Logs Are Streams, Not Files (2011)

colmmacc · on July 23, 2014

From the article:

> a better conceptual model is to treat logs as time-ordered streams

At scale it's probably better still to re-think logs as weakly-ordered lossy streams. One form of weak-ordering is the inevitable jitter that comes with having multiple processes, threads or machines; without some kind of global lock (which would be impactful to performance) it stops being possible to have a true before/after relationship between individual log entries.

Another form of weak ordering is that it's very common for log entries to be recorded only at the end of an operation, irrespective of its duration; so a single instantaneous entry really represents a time-span of activity with all sorts of fuzzy before/after/concurrent-to relationships to other entries.

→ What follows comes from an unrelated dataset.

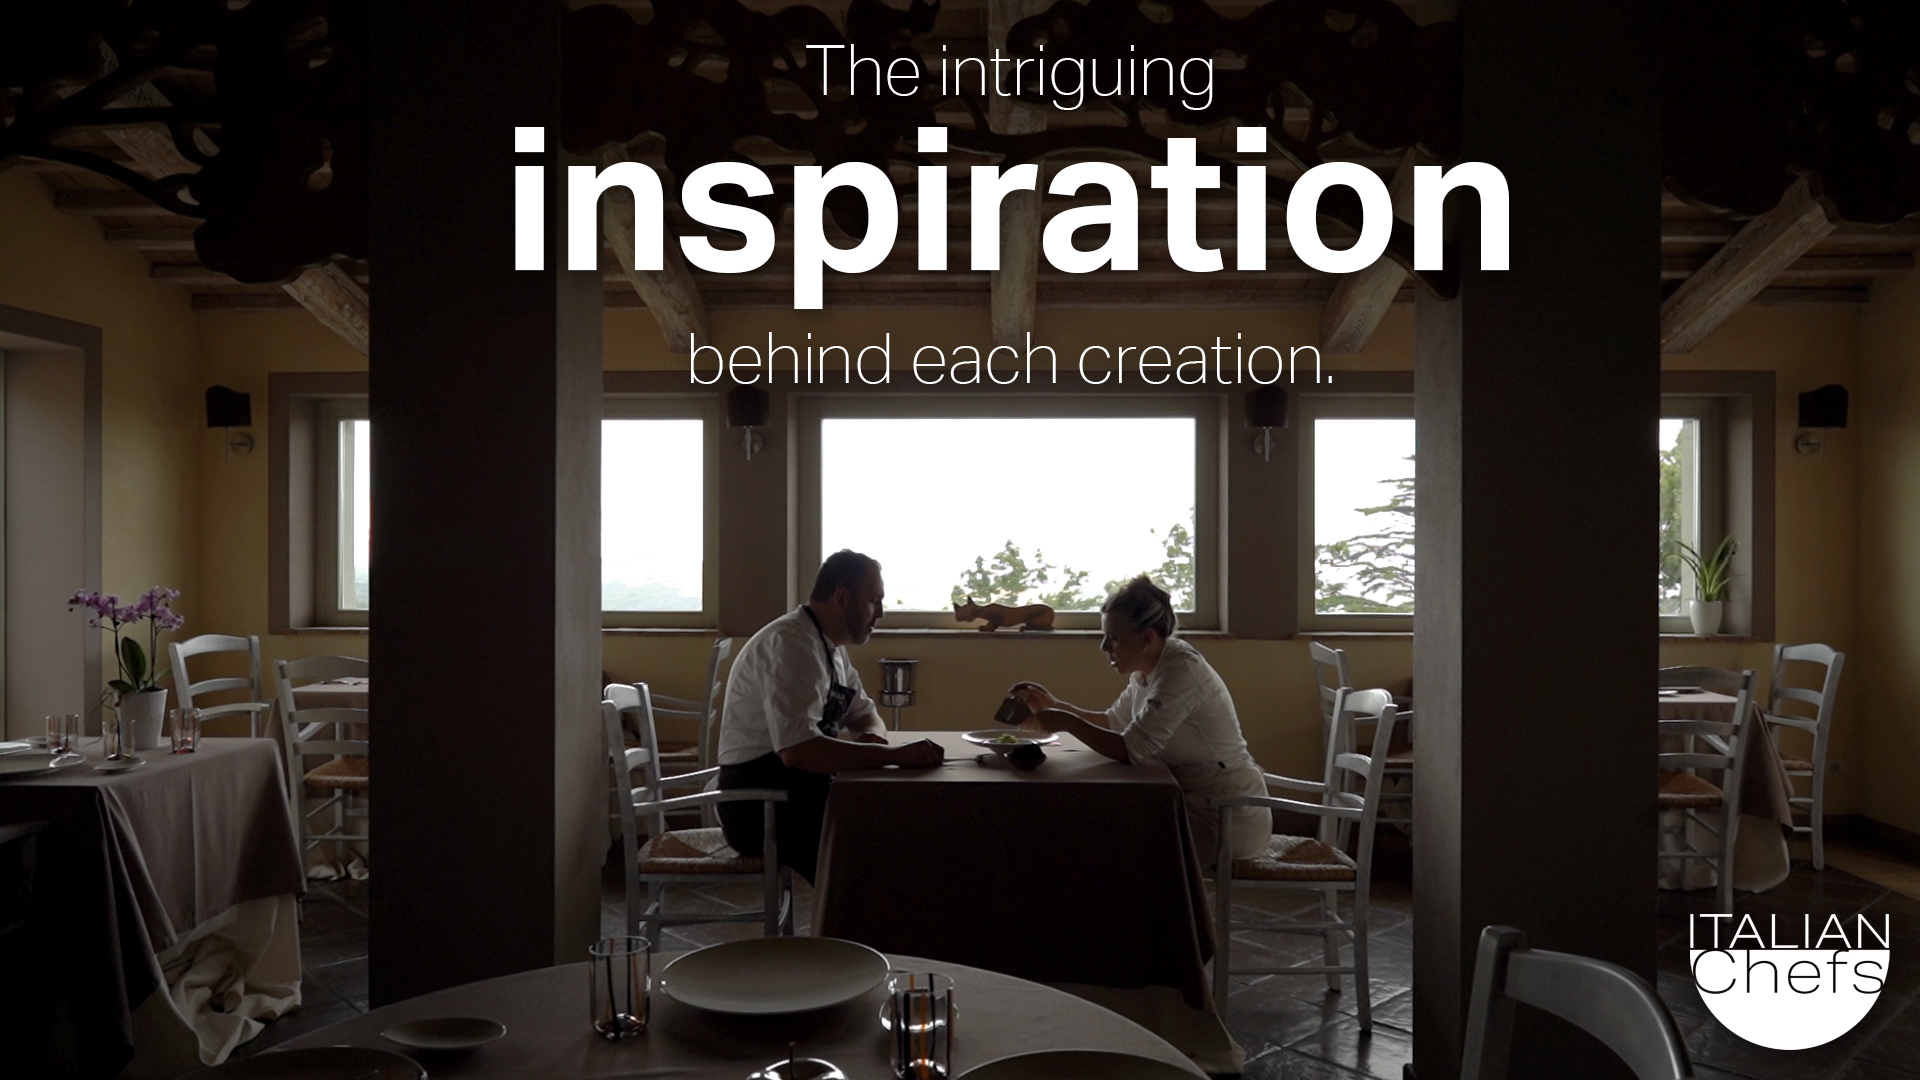 Documentary series Italian Chefs - Inspiration

But maybe the most overlooked kind of weak ordering is one that is rarely found in logging systems, but is highly desirable: log streams should ideally be processed in LIFO order. If you're building some kind of analytical or visualisation system or near real-time processor for log data, you care most about "now". Inevitably there are processing queues and batches and so on to deal with; but practically every logging system just orders the entries by "time" and handles those queues as FIFO. If a backlog arises; you must wait for the old data to process before seeing the new. Change these queues and batching systems to LIFOs and you get really powerful behavior; recent data always takes priority but you can still backfill historical gaps. Unix files are particularly poorly suited to this pattern though - even though a stack is a simple data-structure, it's not something that you can easily emulate with a file-system and command line tools.

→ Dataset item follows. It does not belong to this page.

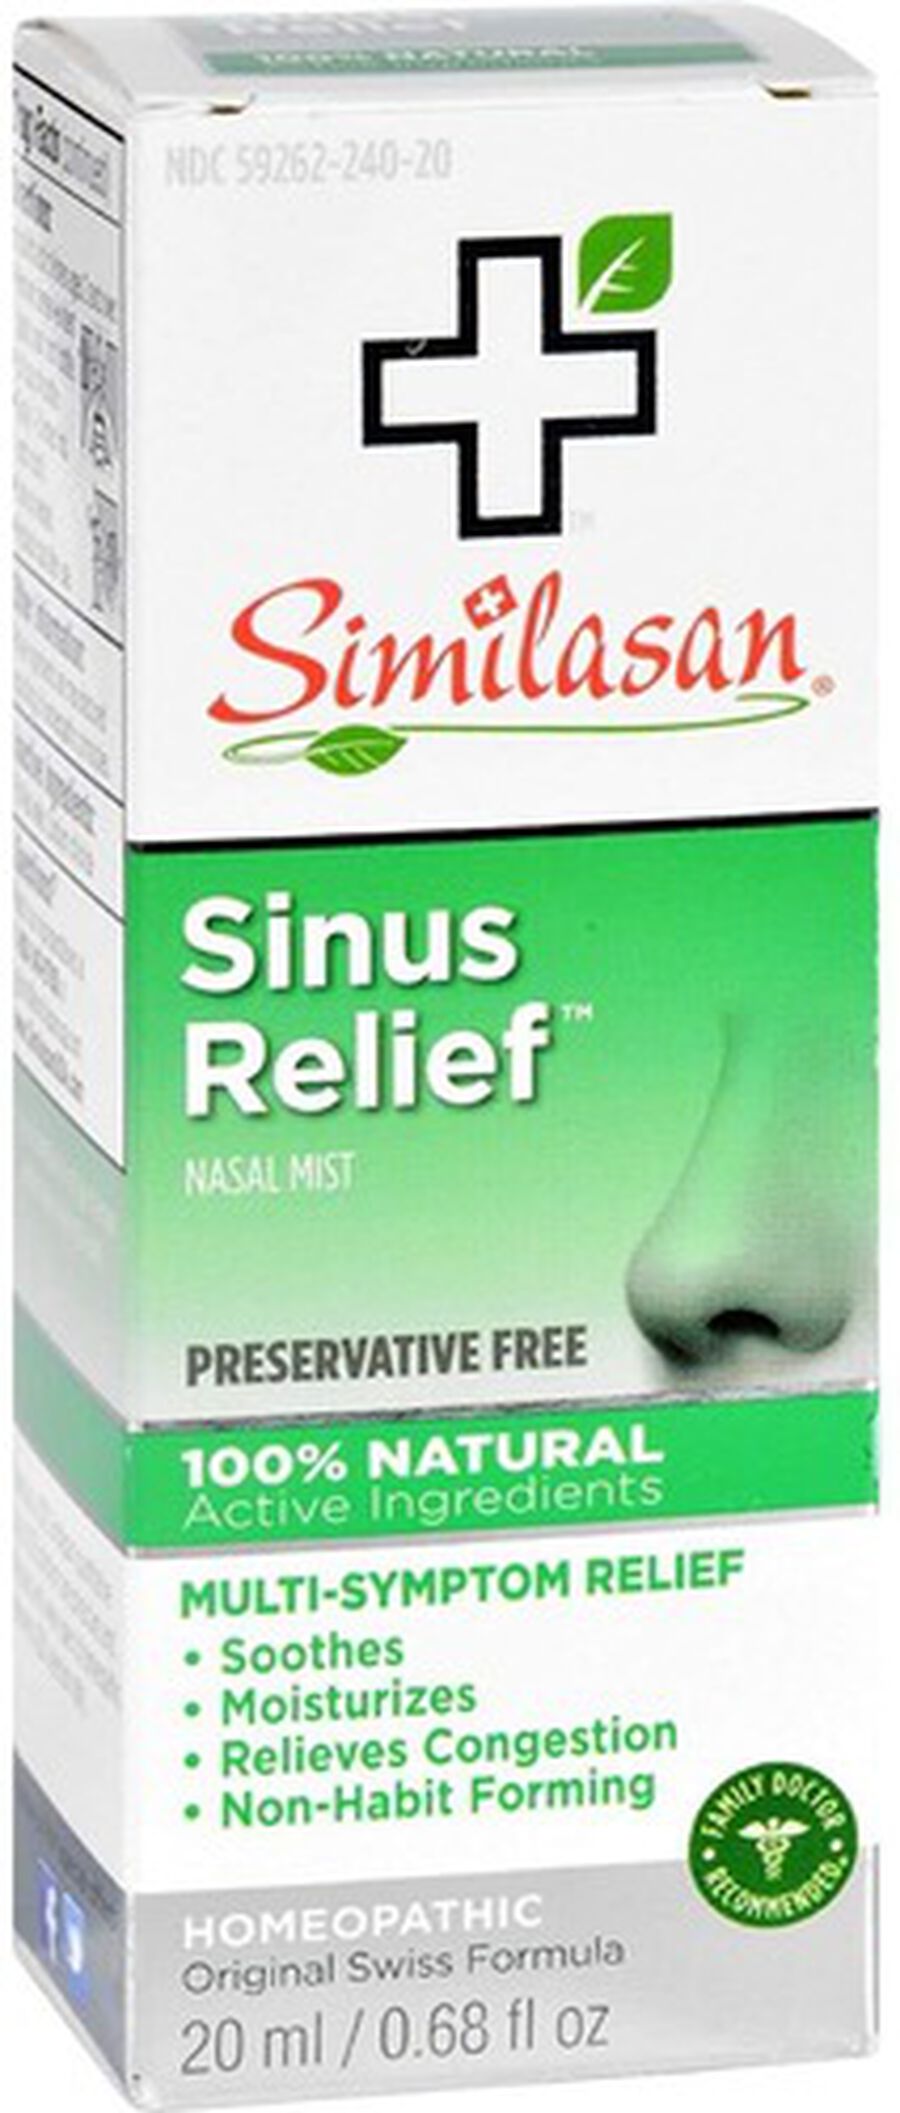 Similasan Sinus Relief, preservative free, 0.68 fl oz., , large image number 3

0xbadcafebee · on July 23, 2014

You can have strongly-ordered logs too. The fact that nobody actually builds robust logging into their application doesn't mean it has to be that way :)

As for the order, it's really a matter of how you are getting the data [right now] and what tools you have to work with. If you're just receiving an unending network stream, you have no choice but FIFO. If you have log files you can start from the bottom and work up, but it's usually not as efficient as top-down. If you have clustered infrastructure you can process the same log(s) faster using parallel jobs. If you build log processing tools into each system from the start you can distribute the simple parts of data processing to each node. You have a lot of freedom in finding new ways to make logging more efficient.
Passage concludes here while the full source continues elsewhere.